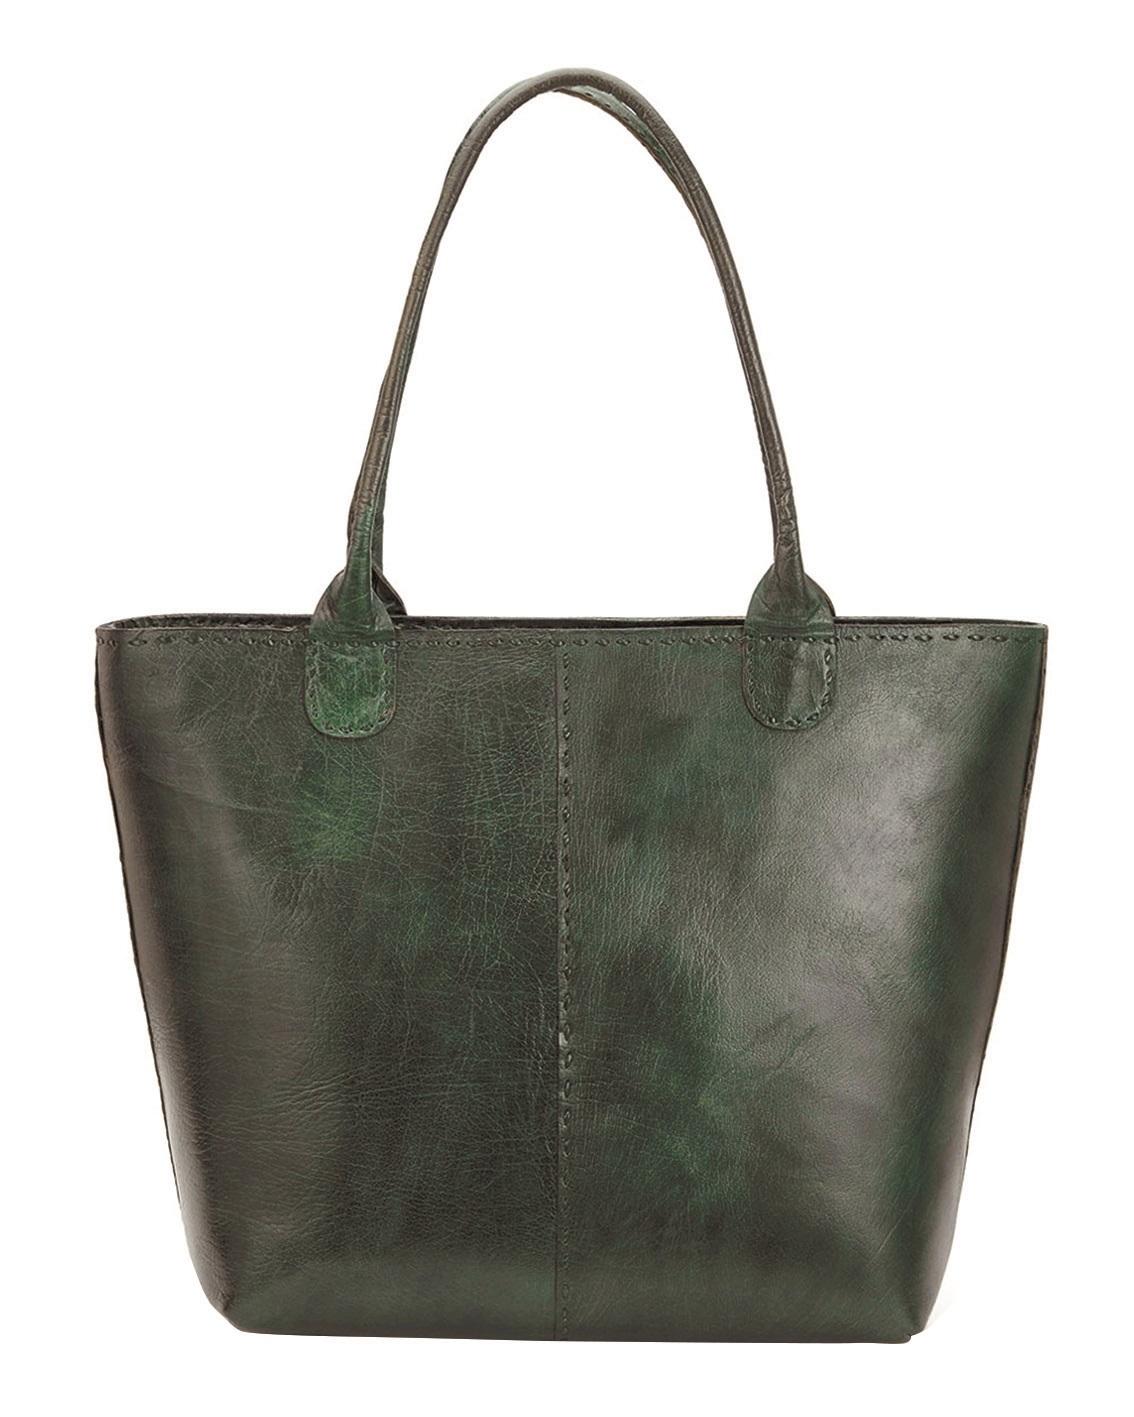 EAST, Leather Bucket Bag, £65
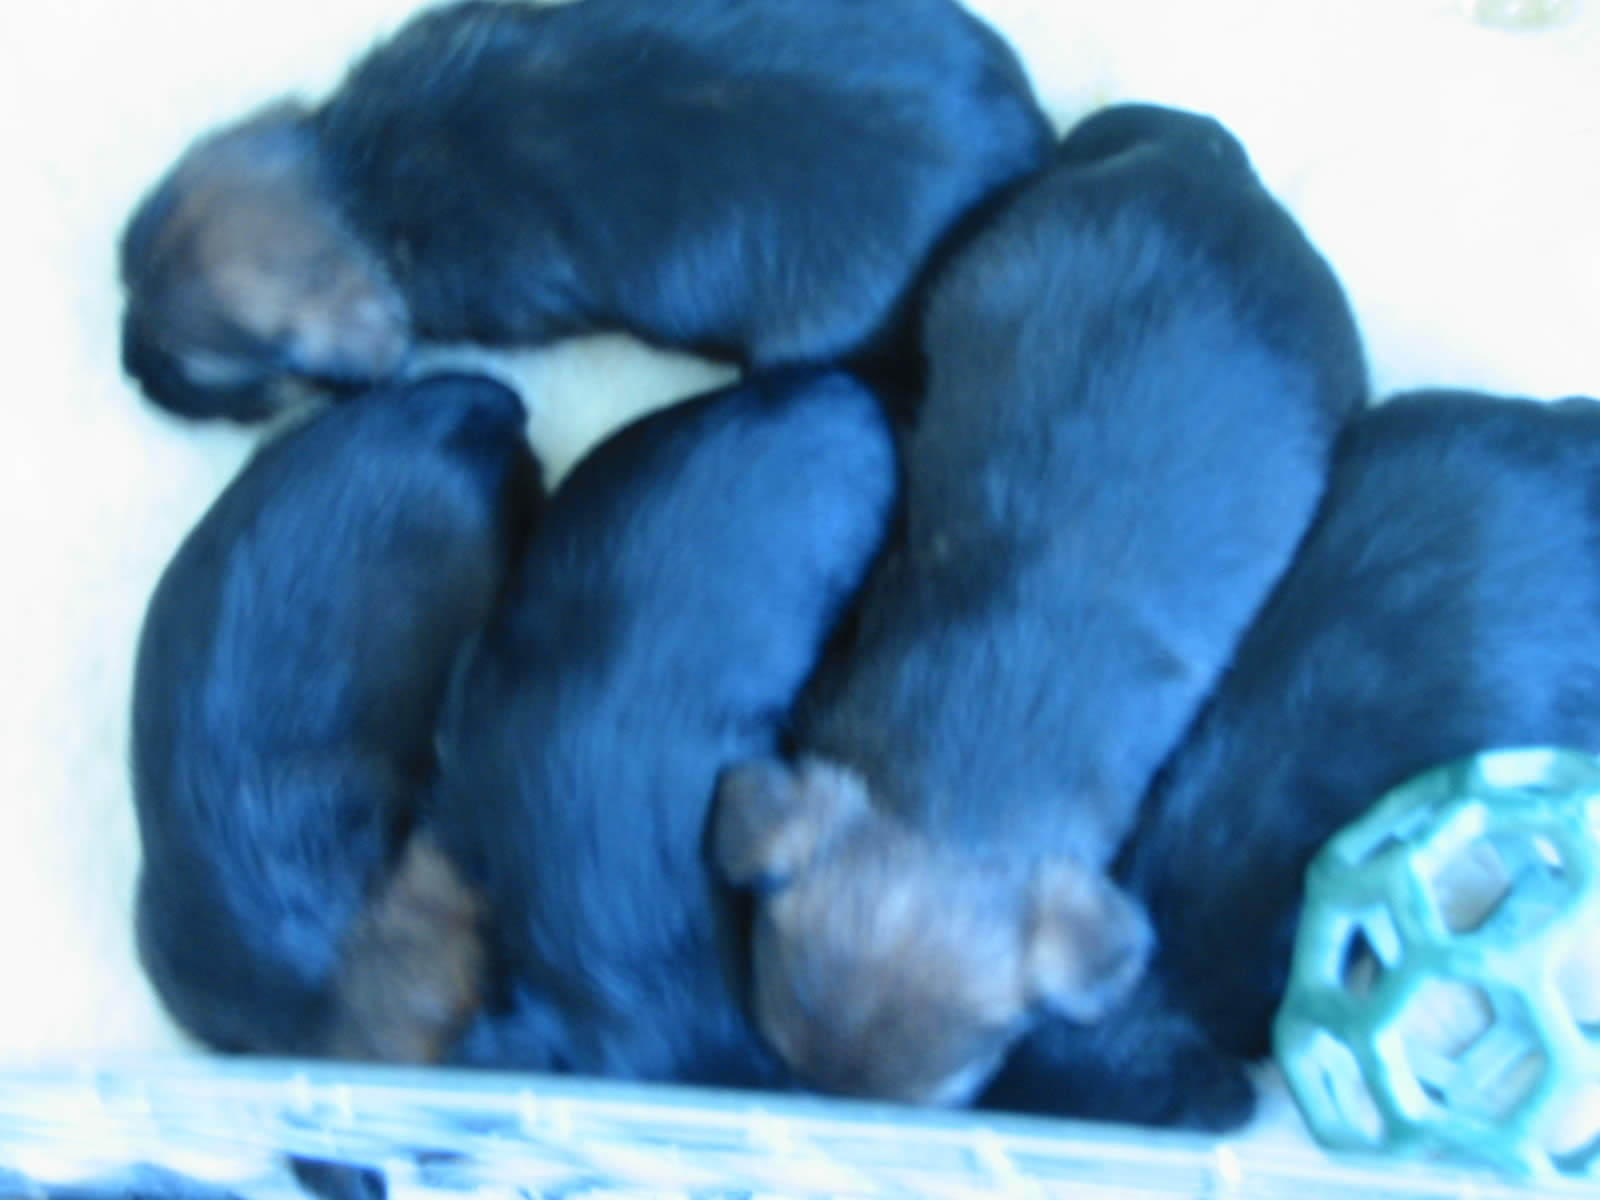 pups sleeping in their pack
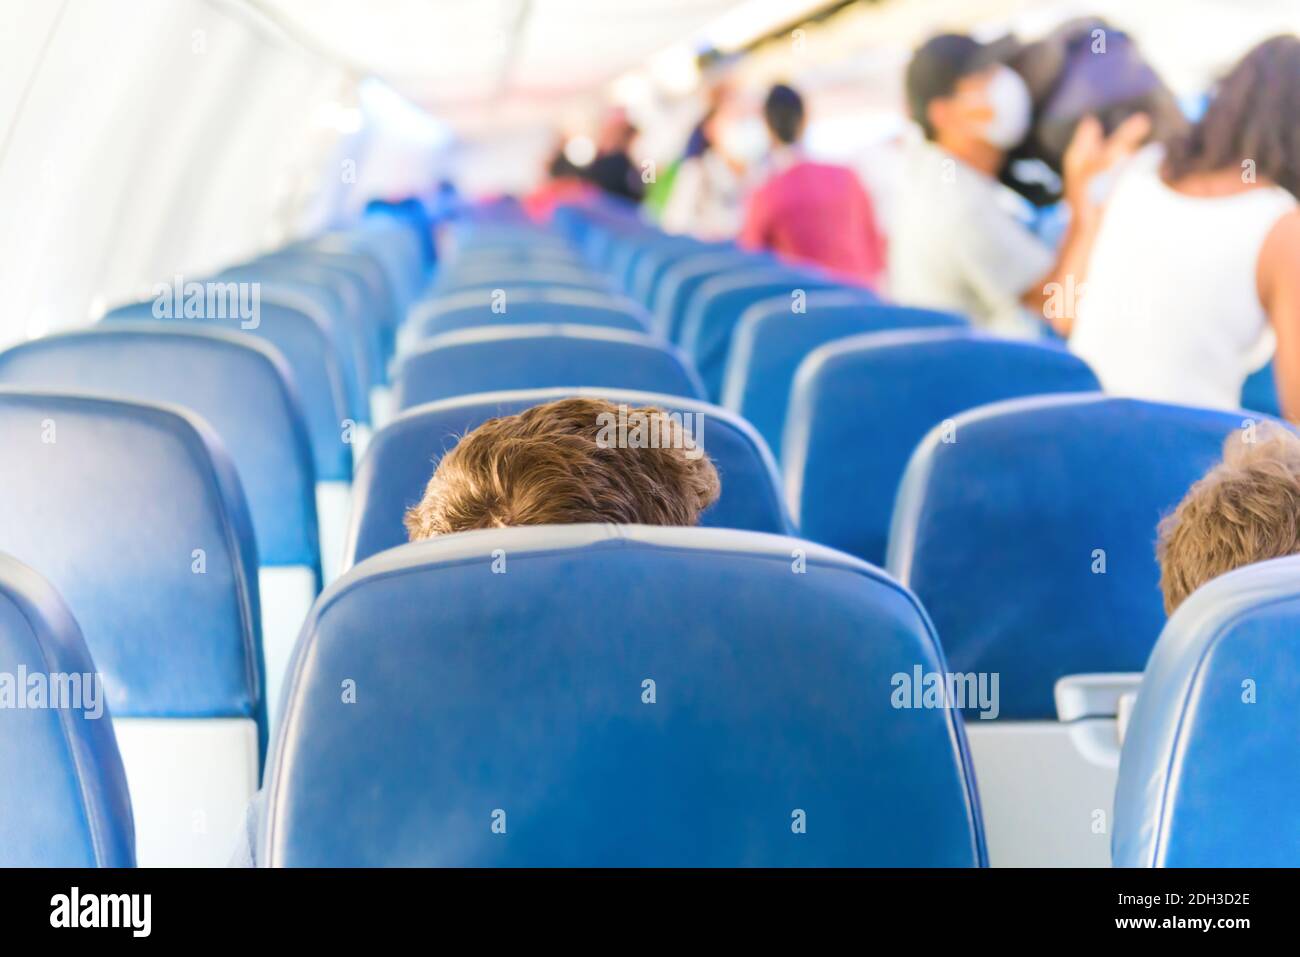 Empty plane interior with few people Stock Photo
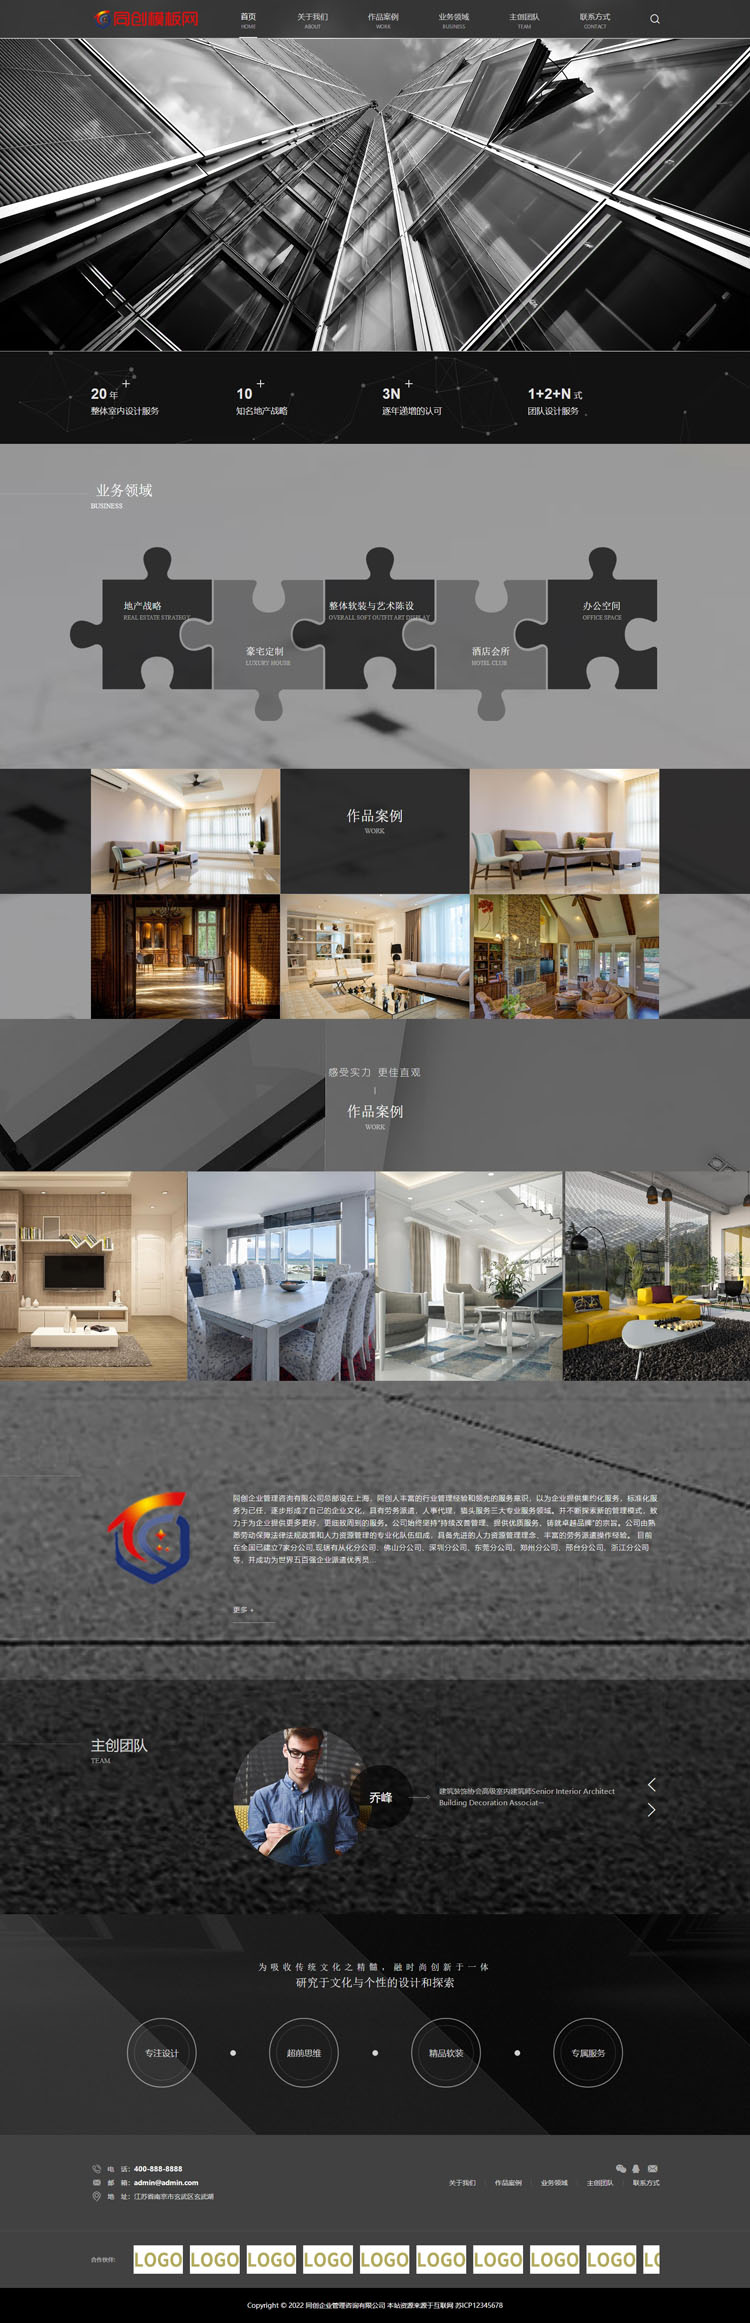 响应式建筑设计公司网站模板-XX218-2
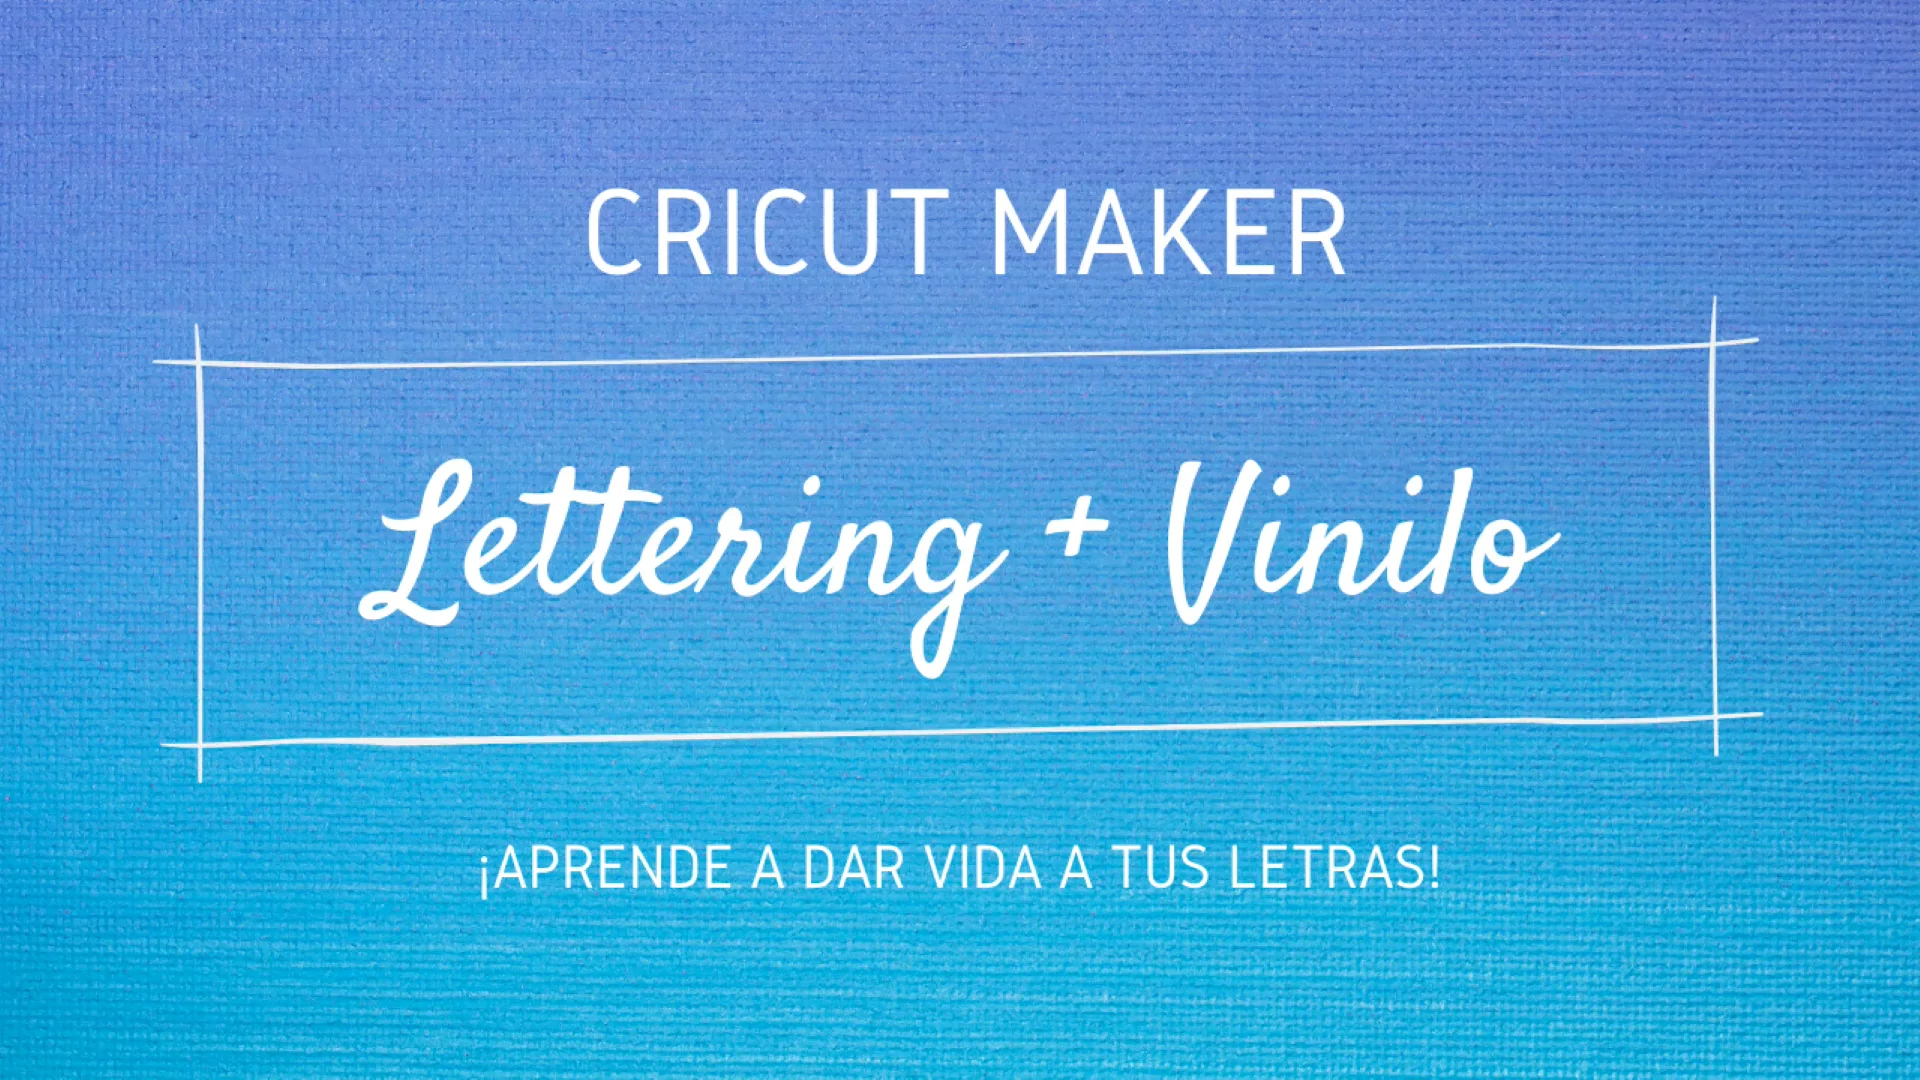 Curso de lettering en vinilo con Cricut Maker ✂️ - Academia Cricut
·····
— EXERCISE OBJECTIVE —
Your copy should match the data exactly, apart from the images, which are dropped.

— TASK ANSWER —
 EAST, Leather Bucket Bag, £65
 pups sleeping in their pack
 Empty plane interior with few people Stock Photo
 响应式建筑设计公司网站模板-XX218-2
 Curso de lettering en vinilo con Cricut Maker ✂️ - Academia Cricut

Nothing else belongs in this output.